Shane Fedderman grew up in Parkland and graduated from Stoneman Douglas High in 1998. Shane has lived in Los Angeles since 2006, and worked in medical practice management and marketing for 10 years. During this time he also worked with several non-profit and volunteer groups including AIDS Healthcare Foundation, Boys & Girls Clubs of America, LA Gay & Lesbian Center, and Impulse Group. Shane currently works as an independent marketing and design consultant, and has been heavily involved in the support of the Parkland community since the events at Stoneman Douglas.

Jennifer Bishop is a Licensed Mental Health Counselor in Boca Raton, FL. She obtained her Master's in Mental Health Counseling from Nova Southeastern University and has her License in Mental Health Counseling in the state of Florida. Jennifer has over 15 years of experience working in a variety of settings such as outpatient clinics, residential group homes, foster care, hospitals and private practice. She has supervised teams of clinicians and developed group programs for children and families. Jennifer's goal is to build a s strong and trusting relationship with her clients that allows healing to occur. Jennifer's speciality is working with children and their parents, providing a safe and nurturing environment that allows for healing to occur inside of relationships. This allows children and families to soar above the troubles that face them, finding the happiness they long for. Her combination of deep compassion, sharp insight, patience and result-focused strategies leaves her clients feeling empowered, fulfilled and living their life's purpose.

Dr.

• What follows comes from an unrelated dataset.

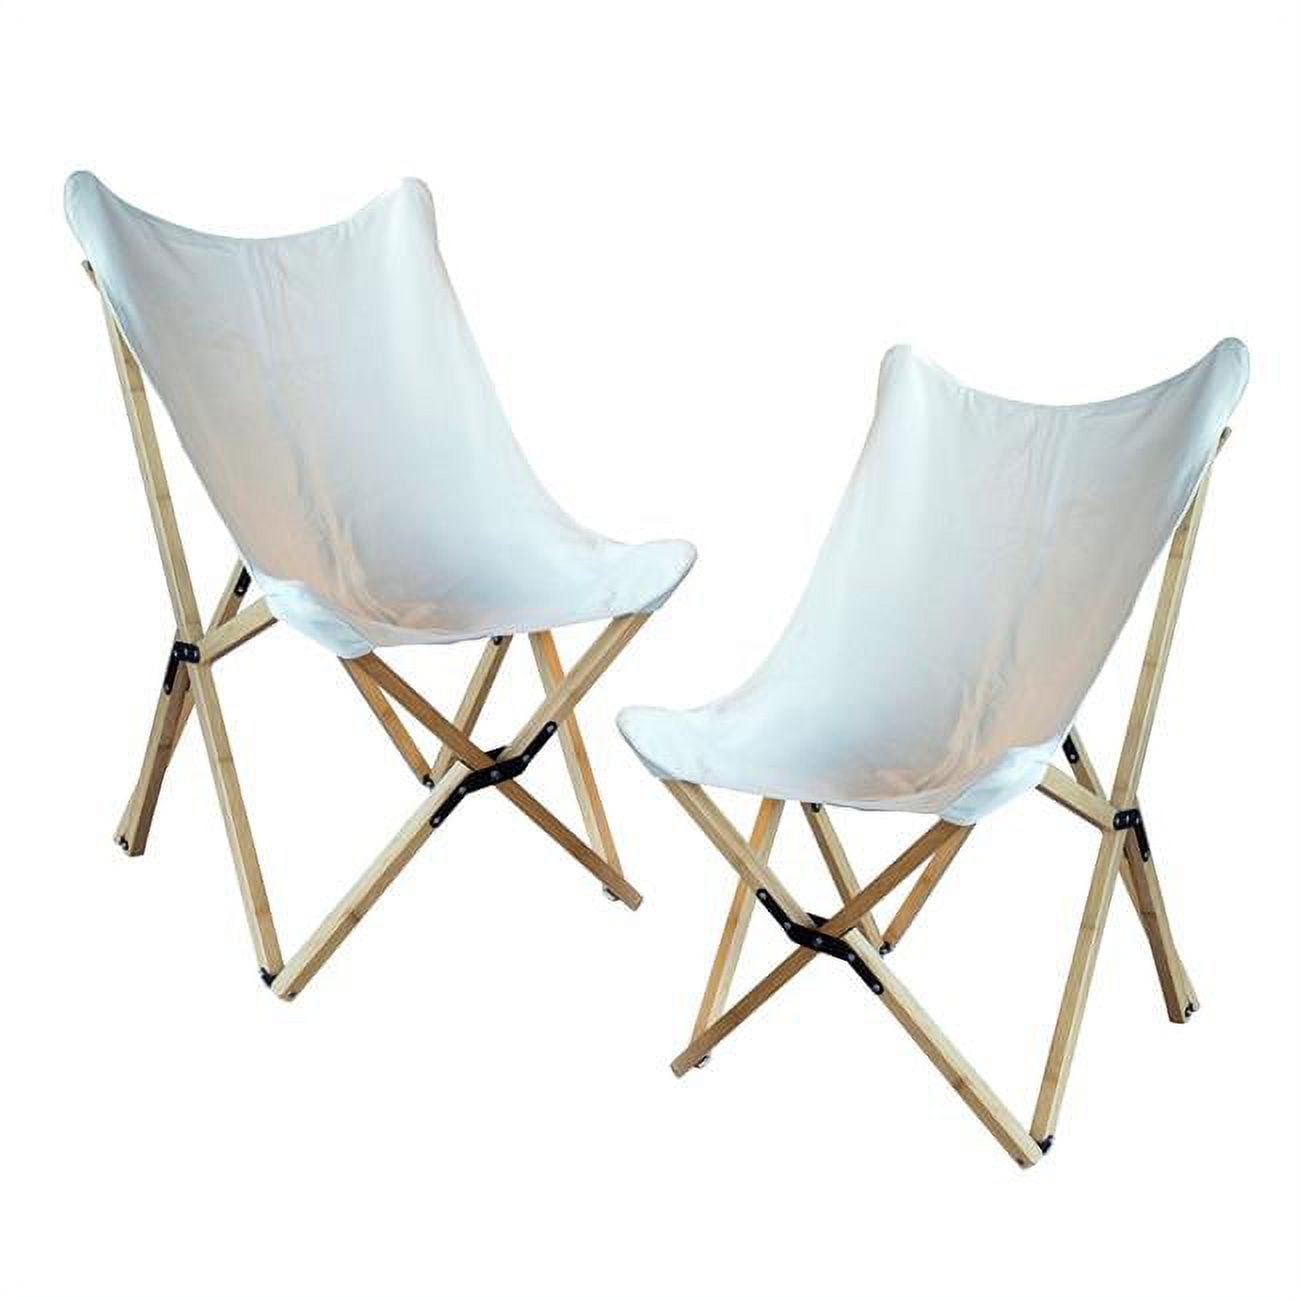 Bfcbcw2pk Canvas & Bamboo Butterfly Chair - White - 2 Piece Set

Jennifer Lagrotte, DMFT, LMHC, LMFT is a marriage and family therapist that works and resides in Parkland, FL. She received her masters and doctorate from Nova Southeastern University and has been in practice since 2004. She specializes in couples including marriage, infidelity and empty nest couples therapy. She is currently going through the certification of The Gottman Method. She works to strengthen communication, intimacy, conflict resolution and brings couples closer together as quickly as possible.

Judith Aronson-Ramos, M.D., is a Board Certified Developmental & Behavioral Pediatrician. Her medical practice is devoted exclusively to the evaluation and treatment of pediatric patients with challenges in learning, behavior, development, and social-emotional functioning. Dr. Aronson-Ramos has been in practice for over 30 years and she is acutely aware of the need for individualized and comprehensive care for children and families provided in a supportive and compassionate setting.

Luna Medina-Wolf is a licensed mental health counselor and a master certified addiction professional. Luna specializes in helping people heal from traumatic events and lead a healthier, happier, and more balanced life. Luna is trained in trauma techniques such as EMDR and TIR and is fluent in Hebrew and Spanish. Luna believes change is possible and that each person has the power to learn the skills needed to better their lives.

Les Gordon, M.A. is a Licensed Marriage and Family Therapist who has worked in the South Florida area for over 30 years. Les specializes in treating children and adolescents who exhibit emotional and behavioral issues. He also works with children who have special needs and enjoys helping parents to become more effective. Les is a Diplomate Sexologist with the America Board of Sexology. In overlapping careers in education and mental health, Les founded and directed private school programs for children with learning disabilities. Les has presented close to 100 community based talks relating to his areas of interest. In 1978 Les was recognized as the Merle Kauffman Scholar at Bradley University, designating Les as the outstanding student in the College of Education.